A judgment of conviction previously had been entered for this offense on November 8, 1996, following the initial sentencing hearing. That judgment is not at issue in this appeal.
Reynolds also argues that the judge who sentenced him after revocation erred in basing the sentence on the "impermissible factor that he attacked his accuser's credibility at trial," and erroneously exercised discretion by: (1) ignoring the trial judge's "findings" regarding the severity of the offense; (2) basing the ten-year sentence on "unsupported and misleading representations that [he] was a serious re-offense risk"; and (3) placing undue emphasis on his failure to communicate with probation authorities, as an indicator of bad character. And Reynolds also argues that he received ineffective assistance of counsel who failed to raise some of these issues and confront some of these alleged misrepresentations at the sentencing after revocation.
Resolving the appeal on this basis obviates the need to address Reynolds' other arguments, some of which may come to be considered at his resentencing. See Gross v. Hoffman, 227 Wis. 296, 300, 277 N.W. 663 (1938) (only dispositive issue need be addressed).
The judgment roll states, "Defendant is to serve 1 year less 8 days in the House of Correction," but, as reflected in the transcript of the November 8, 1996 sentencing hearing, Judge Hansher actually stated:
The Court initially considered up to a year at the House of Correction.
What the Court is going to do is still impose some House of Correction time with work-release. The Court is going to make it six months House of Correction with work-release instead of a year.
The judgment roll error, repeated in the November 9, 1999 court memo prepared by Reynolds' probation agent for the sentencing after revocation, was noted by defense counsel; the memo's error was corrected by the sentencing-after-revocation court.

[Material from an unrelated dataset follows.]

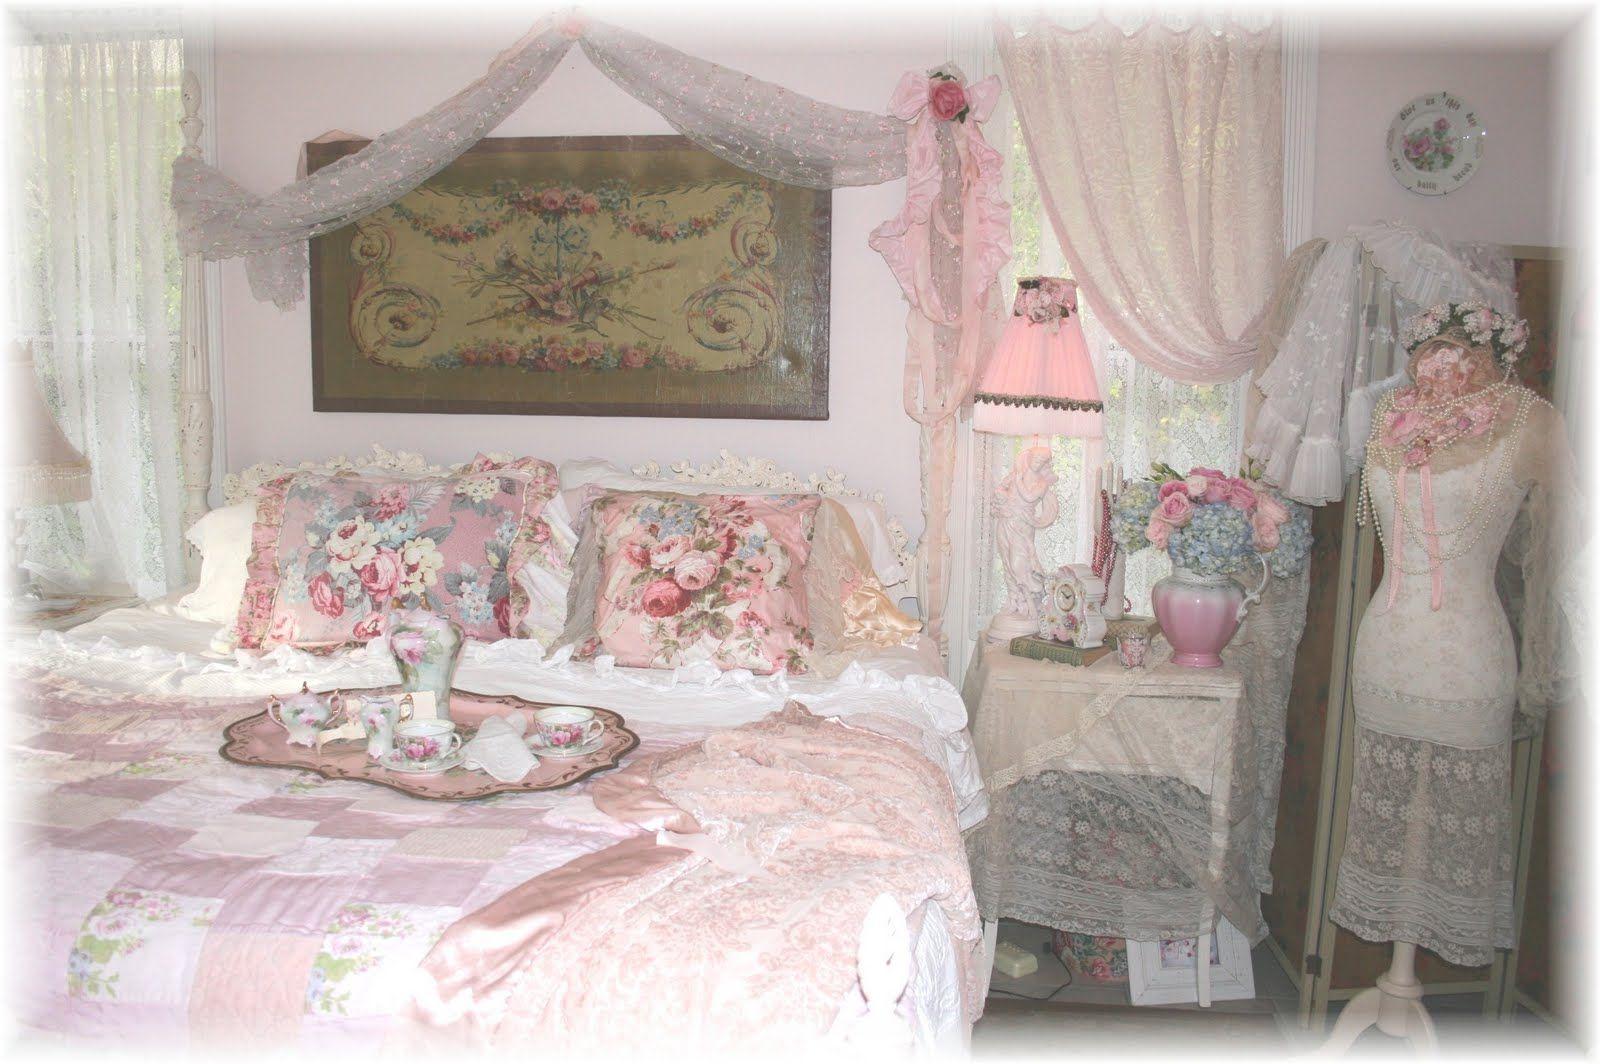 rose petals on bed ideas Google Search Cozy room

The State does not dispute Reynolds' characterization of the probation agent's memo as: (1) "merely a report on his monitoring Mr. Reynolds' file and his unfounded judgment that Mr. Reynolds should be punished severely for not complying with probation rules"; (2) "mak[ing] no reference to familiarity with the facts of trial or the earlier sentencing proceedings or documents"; and (3) "no substitute for a [presentence investigation report]."
We acknowledge, however, that because we are remanding for resentencing, Reynolds has the right to request judicial substitution. See Wis. Stat. § 971.20(7) (1999-2000) ("If an appellate court orders a new ... sentencing proceeding, a request [for substitution of judge] may he filed within 20 days after the filing of the remittitur by the appellate court, whether or not a request for substitution was made prior to the time the appeal was taken.").